Basic Tutorial: Section 2

Covers filtering, subgrouping, and making Kaplan Meier plots


This tutorial is intended for those who have never used Xena before but who have completed Section 1 of the Basic Tutorial. We will cover how to filter to just the samples you are interested in, how to create subgroups, and how to run a Kaplan Meier survival analysis.


This tutorial assumes completion of the Basic Tutorial: Section 1. This tutorial begins where the Basic Tutorial: Section 1 ends.

Estimated time needed

Part A: 15 min

Part B: 15 min

Part C: 5 min

Learning goals

Part A

  • Search for samples of interest

  • Filter to keep or remove those samples of interest

Part B

  • Make subgroups

  • Rename subgroups

Part C

  • Run a Kaplan Meier survival analysis

  • Use a custom time endpoint


In the Basic Tutorial Section 1 we found that we found that samples that have aberrations in EGFR (mutations or amplifications) have higher expression.

Now we are going to investigate whether those samples with aberrations have a worse survival prognosis.

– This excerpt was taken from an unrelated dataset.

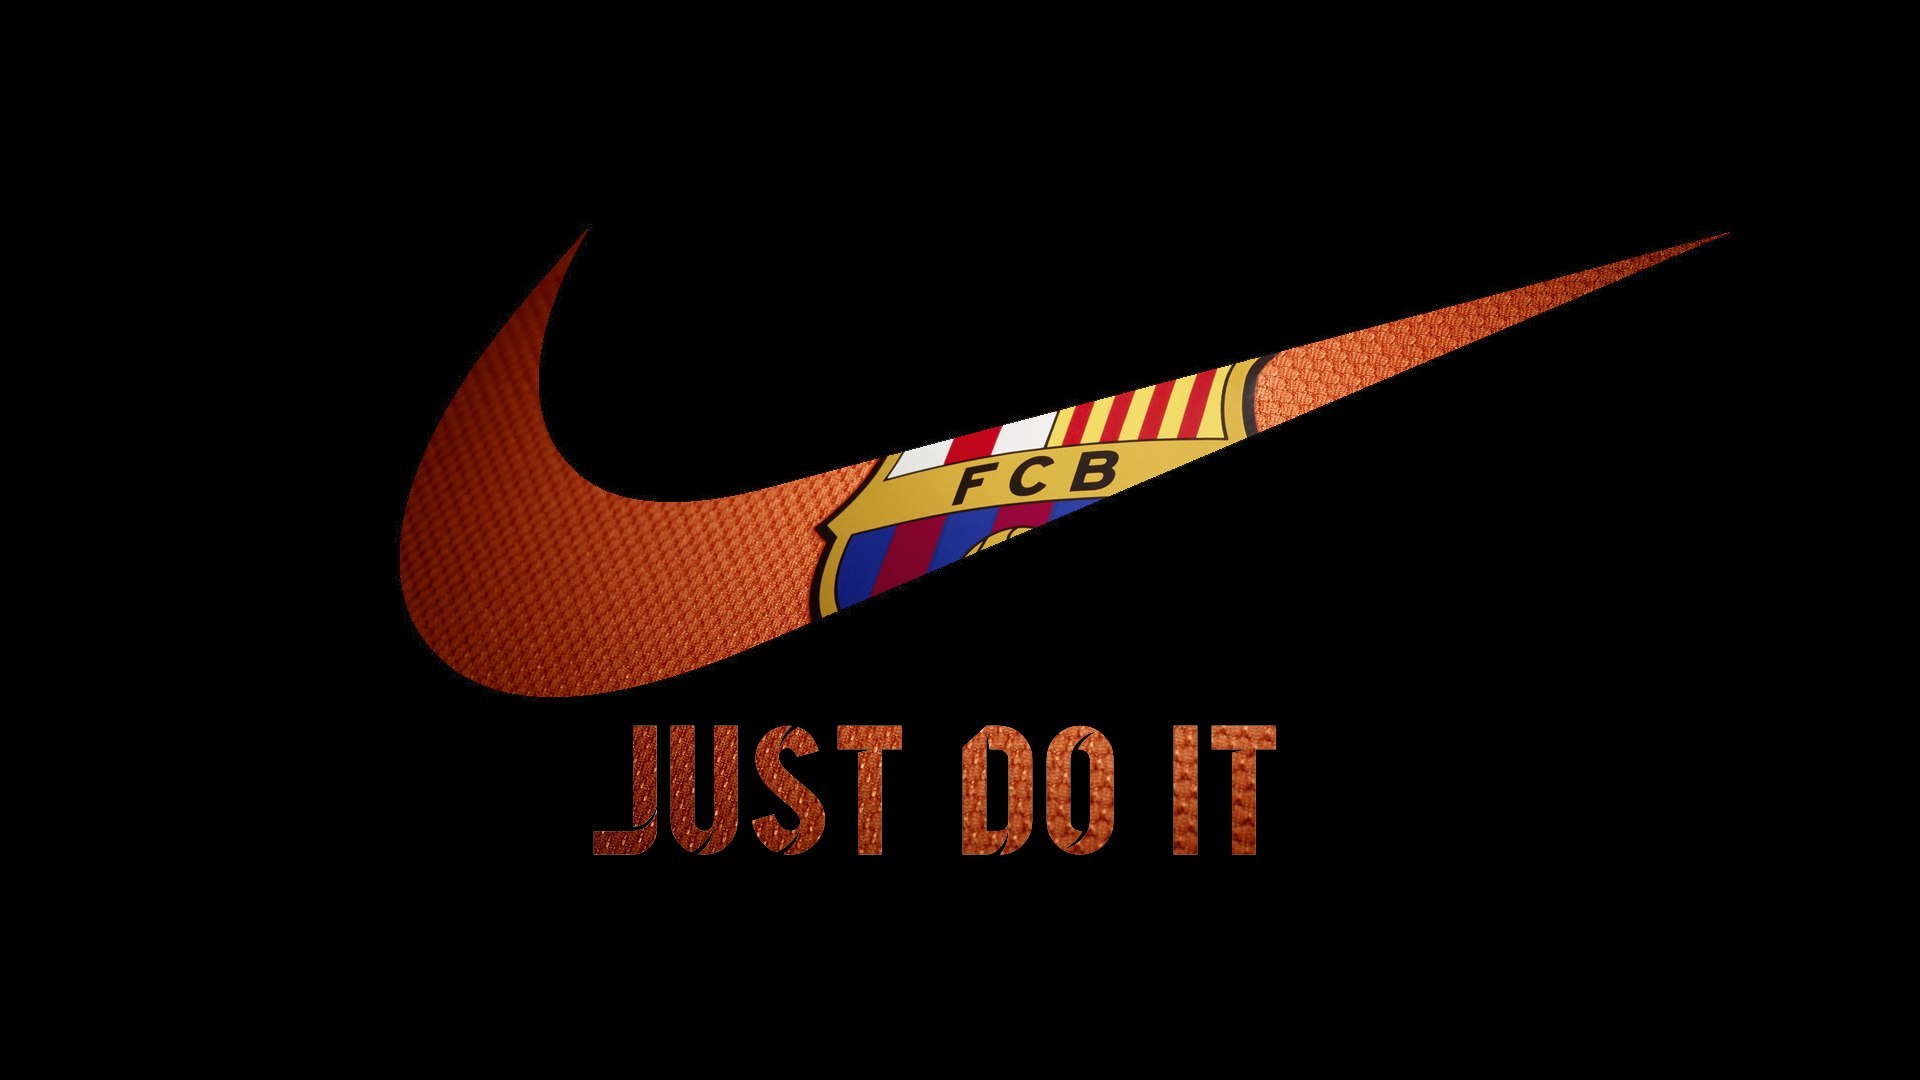 Nike FC Barcelona 1920x1080

To ensure your columns are sorted the same as those in this tutorial, please start at this link:

Part A

Our goal is to remove samples with no data (i.e. null) from the view. This will make the view look cleaner and remove irrelevant samples from our Kaplan Meier survival analysis.


  1. Type 'null' into the samples search bar. This will highlight samples that have 'null' values in any column on the screen. Null means that there is no data for that sample for that column.

  2. Click the filter menu and select 'Remove samples'.

  3. Delete the search term.

Video of steps

Part B

Our goal is to create two subgroups, those samples with aberrations in EGFR and those samples without aberrations in EGFR. We will then name the subgroups.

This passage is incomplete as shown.